**INPUT DATA**
★ ★ ★ ★ ★

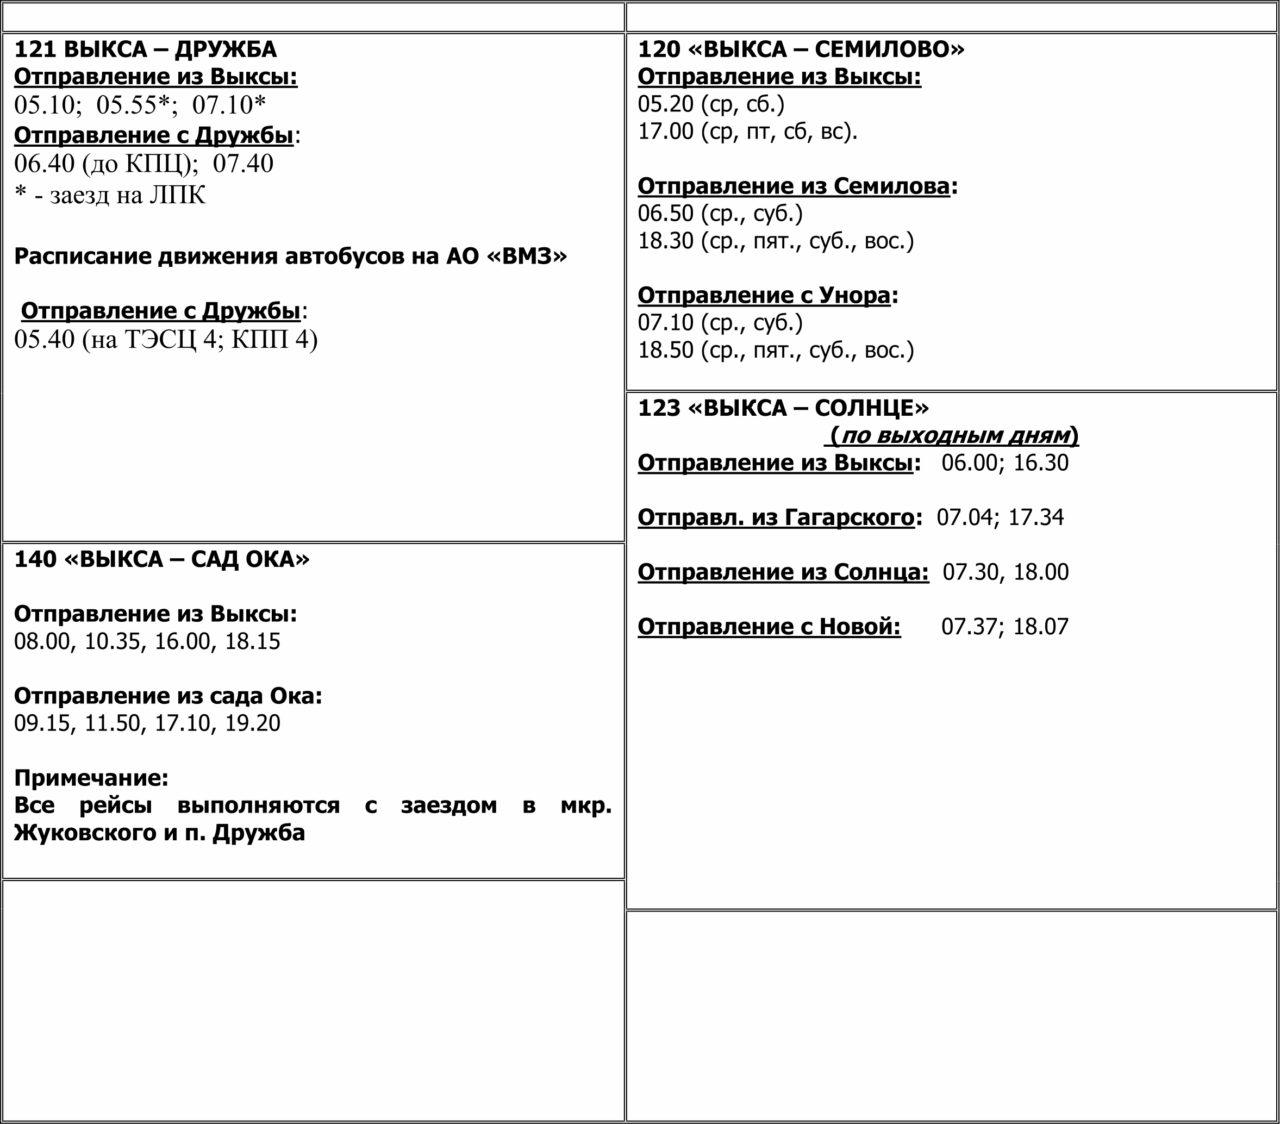 ВРЕМЕННОЕ РАСПИСАНИЕ выксунских пригородных автобусов с 7.06.2020г. на период I - II этапа снятия ограничений 2
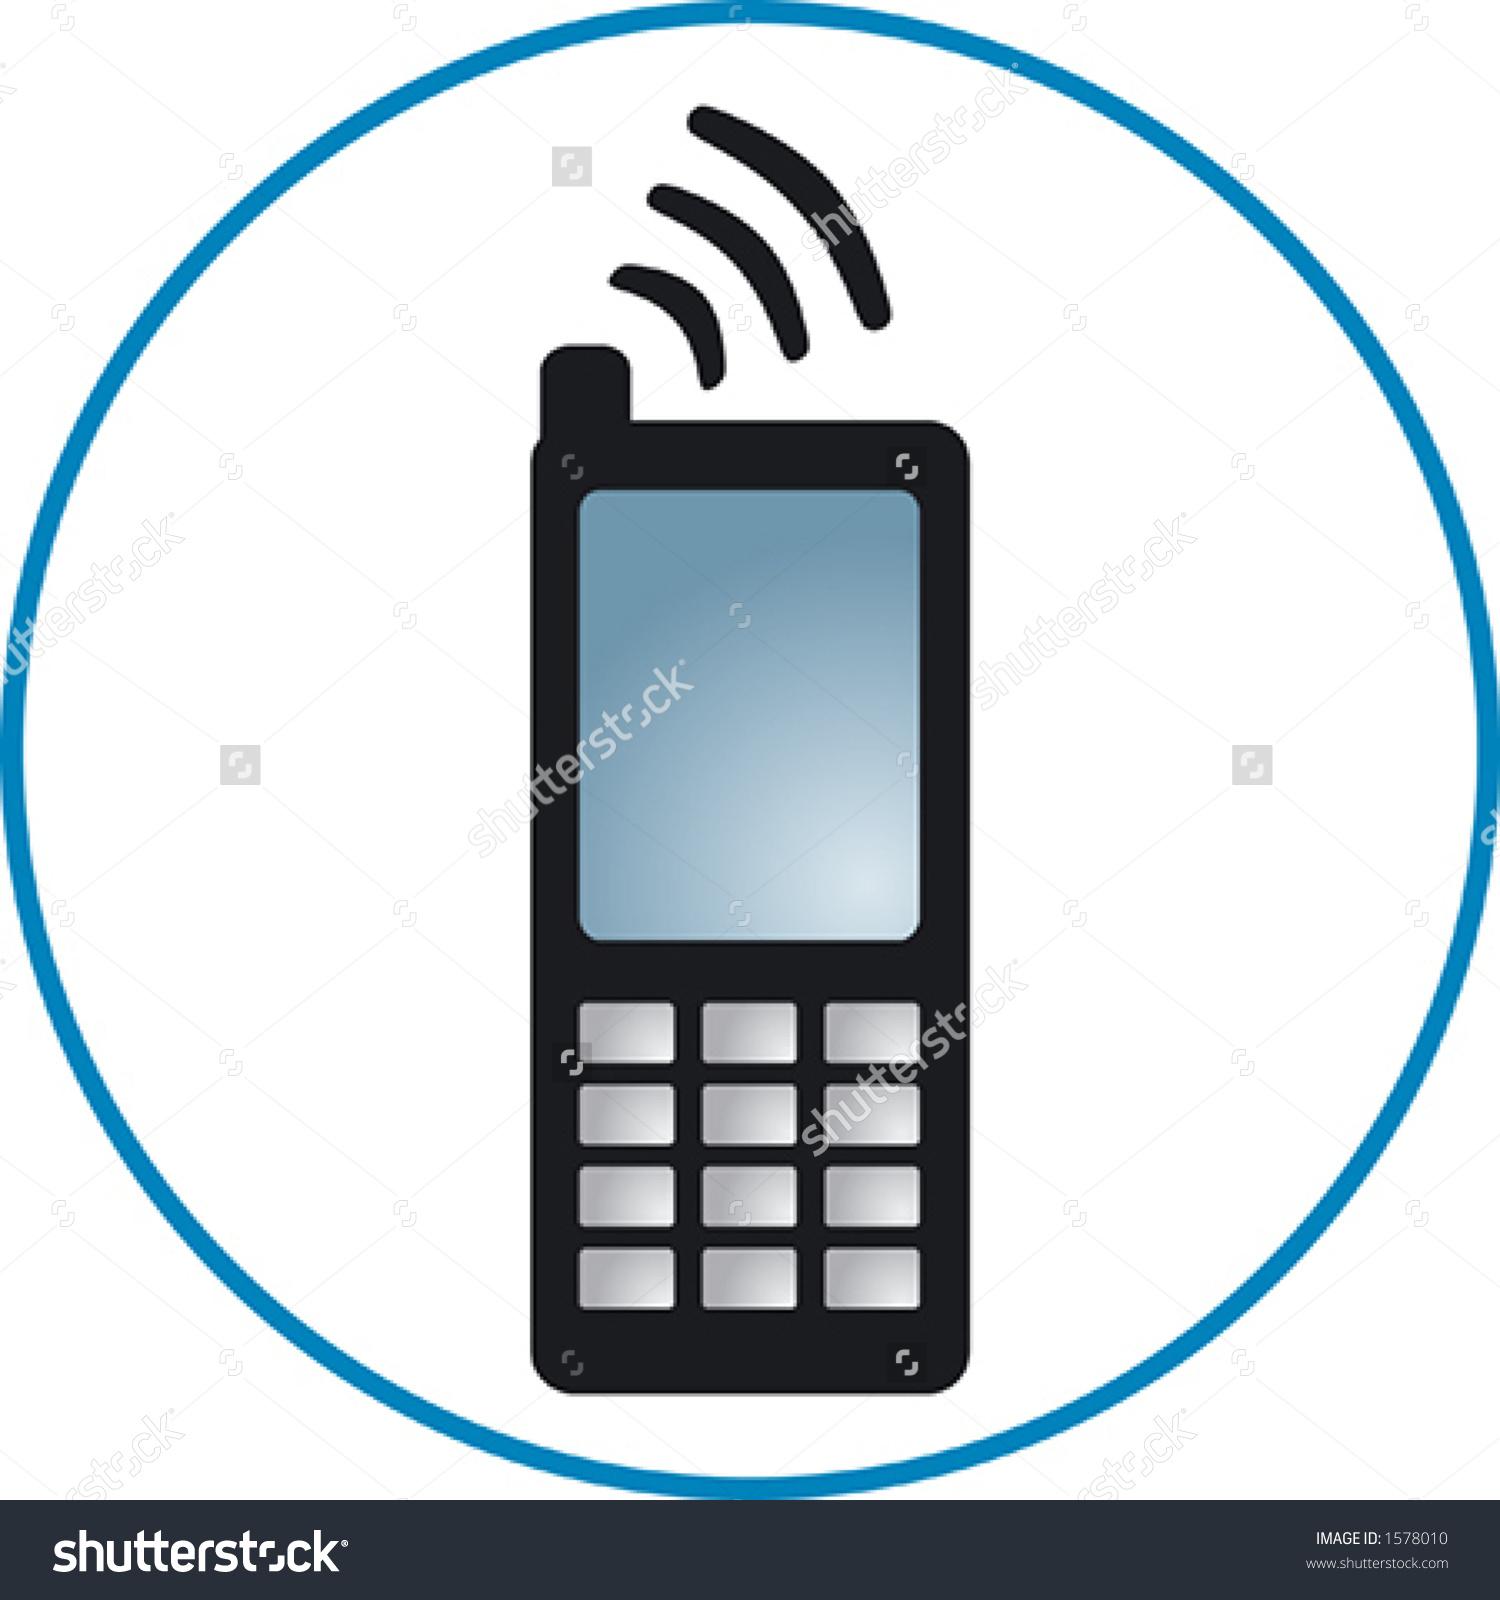 Cellphone Clipart-Cellphone Clipart-7
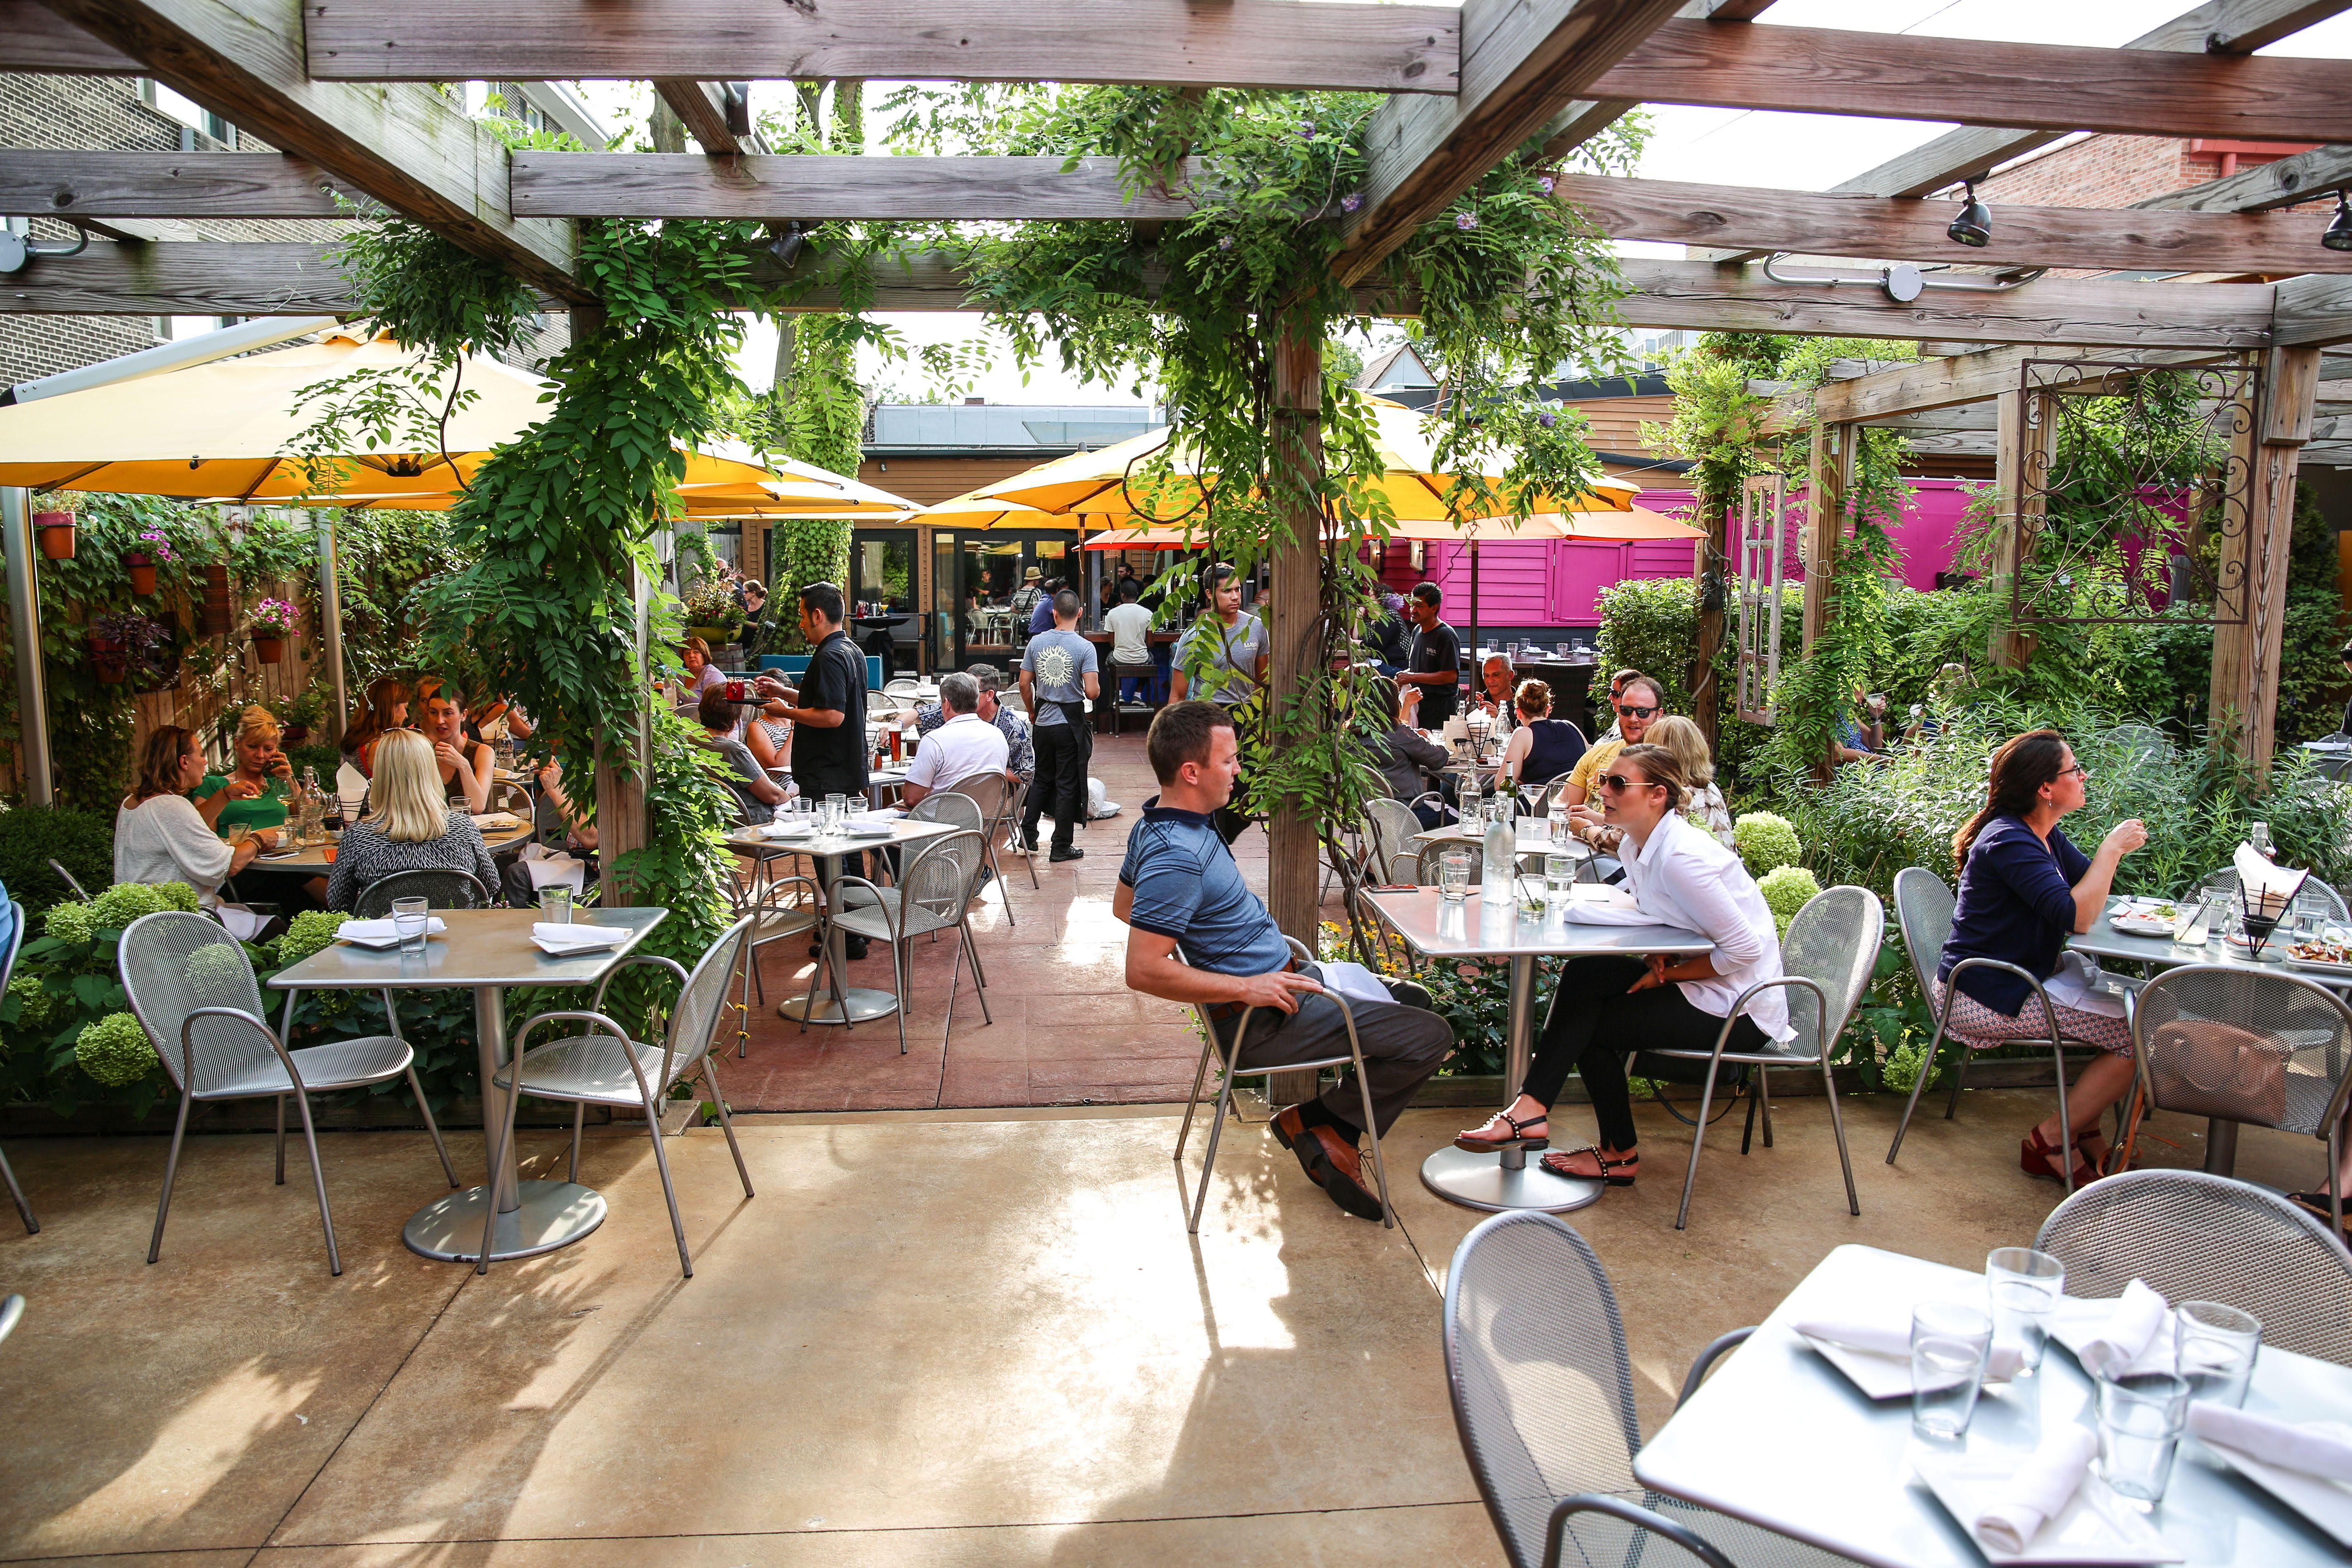 44509c8966b73f3f7d5b90a88c1eb7a0 - Best Beer Gardens In Chicago Suburbs

★ ★ ★ ★ ★

**DESCRIPTION OF THE TASK**
Print out the material verbatim, skipping pictures.

**ANSWER SECTION**
 ВРЕМЕННОЕ РАСПИСАНИЕ выксунских пригородных автобусов с 7.06.2020г. на период I - II этапа снятия ограничений 2
 Cellphone Clipart-Cellphone Clipart-7
 44509c8966b73f3f7d5b90a88c1eb7a0 - Best Beer Gardens In Chicago Suburbs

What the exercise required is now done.